Когда они вышли из метро, он сказал, что опаздывает на встречу, предложил обменяться номерами и пообещал, что позвонит вечером. Она стояла и смотрела ему вслед, а когда он скрылся за углом высокого серого здания, открыла список входящих звонков и добавила в контакты последний. Его имя. Четыре буквы. Только четыре буквы, без слов-ассоциаций или других смысловых кодов, которые люди обычно добавляют к именам и даже фамилиям, чтобы лучше ориентироваться в своей телефонной книге. Жене не понадобились дополнительные буквы – этих оказалось достаточно.

Тем же вечером на экране ее телефона высветились четыре буквы. «Олег».

Она отложила дела и уже через час держала в руках меню, в котором были только четырех- и пятизначные числа, а через два – лежала голая на огромной кровати в люксе отеля на Тверской. Ей казалось, она попала в сериал о красивой и порочной жизни, в одну из тех самых сцен, из-за которых фильмы маркируют знаком «восемнадцать плюс»: ужин с малознакомым, симпатичным и обаятельным, парнем, очаровательный флирт, стихийный секс – и все это на фоне киношных декораций. Олег тоже был каким-то киношным – словно его придумала романтично настроенная сценаристка. Внимательный, улыбчивый, интересный, инициативный. Он не давал разговору зайти в тупик, помогал определиться с выбором еды и напитков, говорил уместные комплименты и доказал ей, что восемь (она считала) женских оргазмов за ночь – это не вымыслы, а вполне реальные вещи.

Глоток. После той ночи они стали иногда видеться, но между ними не было ничего серьезного. Олег пропадал, без объяснений появлялся, в один день записывал десяток «кружков» в телеграме, в другой – даже не читал ее сообщения там. Жене подобное поведение не нравилось, но она влюбилась, поэтому терпела и не показывала характер: брала трубку, когда бы он ни звонил, меняла свои предварительные планы ради его спонтанных, старалась не задавать лишних вопросов.

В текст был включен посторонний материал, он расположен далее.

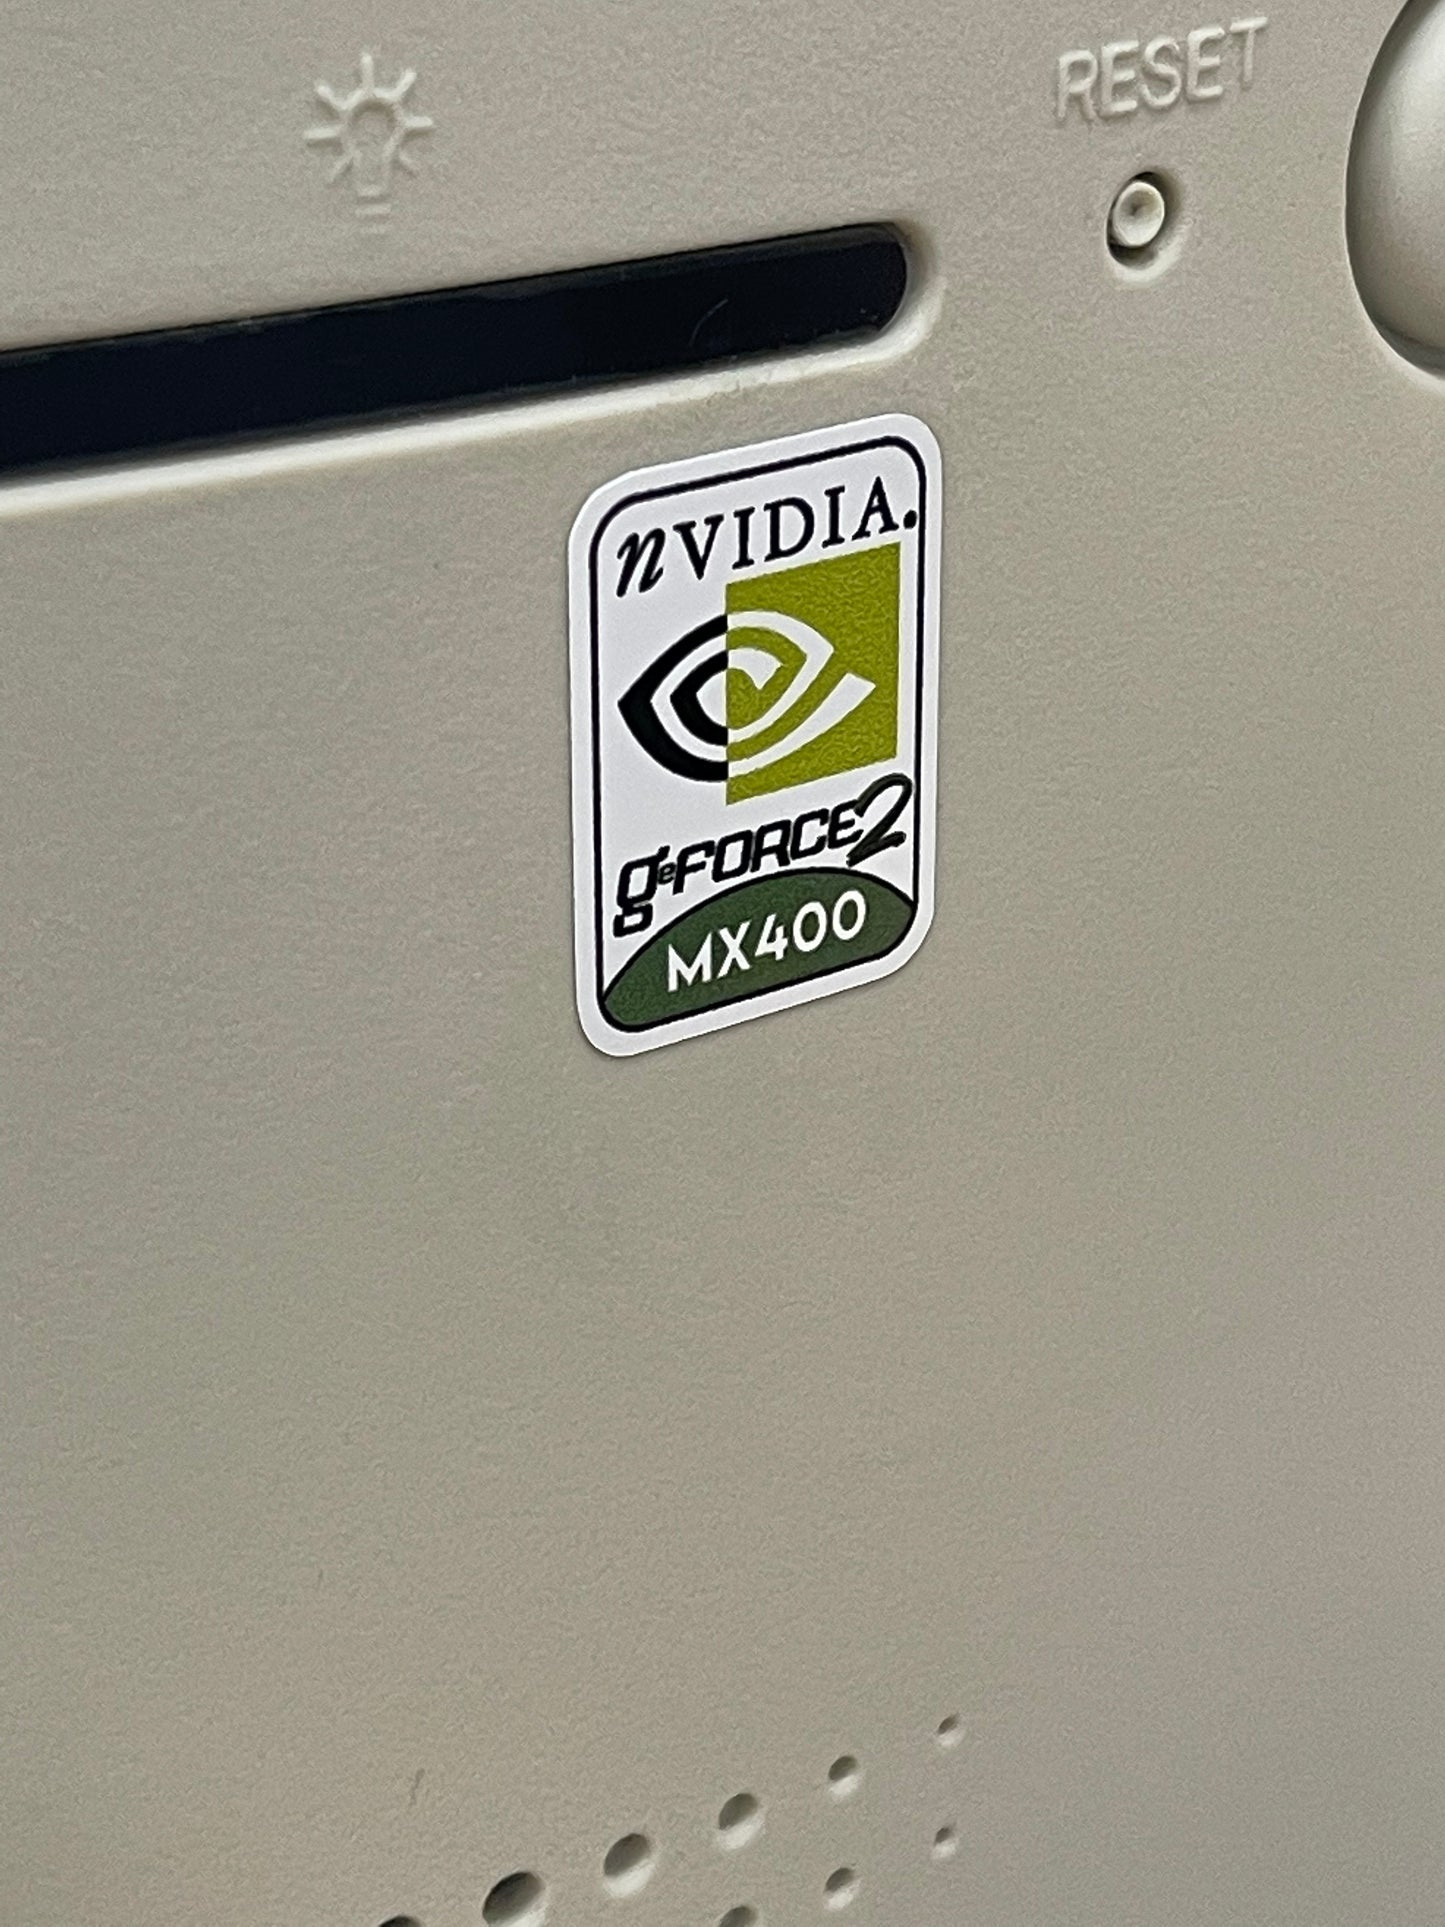 Nvidia Geforce2 MX400 Video Graphics Case Badge Sticker - White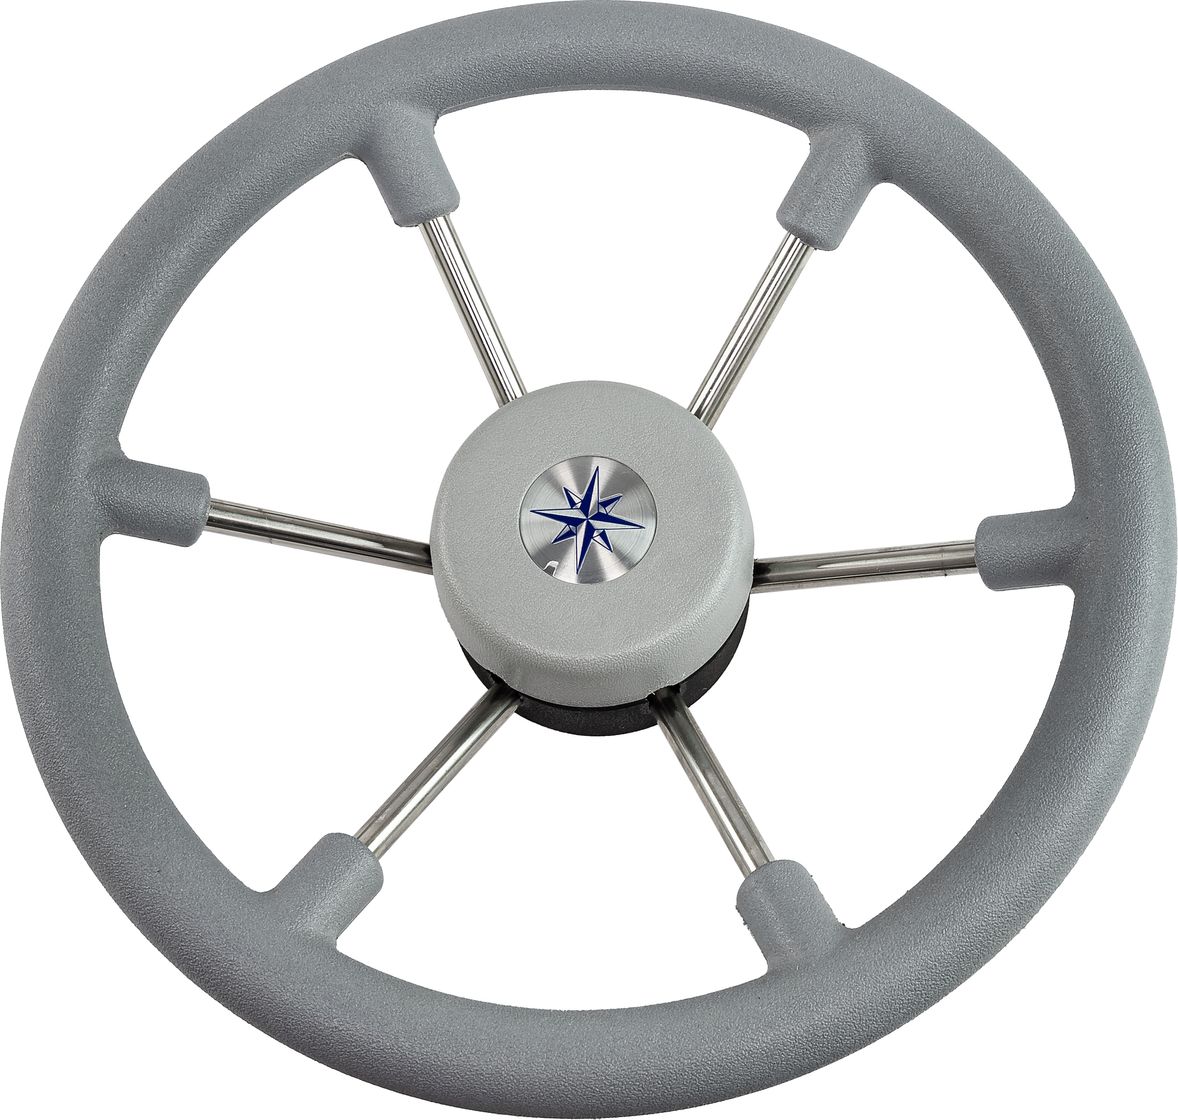 Рулевое колесо LEADER TANEGUM серый обод серебряные спицы д. 330 мм VN7330-03 рулевое колесо leader plast обод серебряные спицы д 360 мм vn8360 01

Последнее получалось особенно сложно. Олег как будто нарочно держал дистанцию – почти ничего о себе не рассказывал. Говорил, много работает, а в свободное время встречается с друзьями и путешествует. Жене этой информации, конечно, не хватало – ей хотелось знать о нем все: привычки, хобби, принципы, страхи, мечты, предпочтения в еде, музыке… Вместе с тем она боялась показаться навязчивой, поэтому не донимала его расспросами.

Был еще один момент, который ее волновал: действительно ли Олег обеспечен настолько, насколько кажется? Он приглашал ее в дорогие рестораны и отели, счета за которые оплачивал сам, приезжал на свидания на джипе (она нашла похожую модель в интернете – цены на нее колебались от пятнадцати миллионов рублей до бесконечности), стильно одевался и вообще напоминал главного героя современных турецких сериалов: красивый, богатый, образованный, уверенный в себе мужчина с сильным характером.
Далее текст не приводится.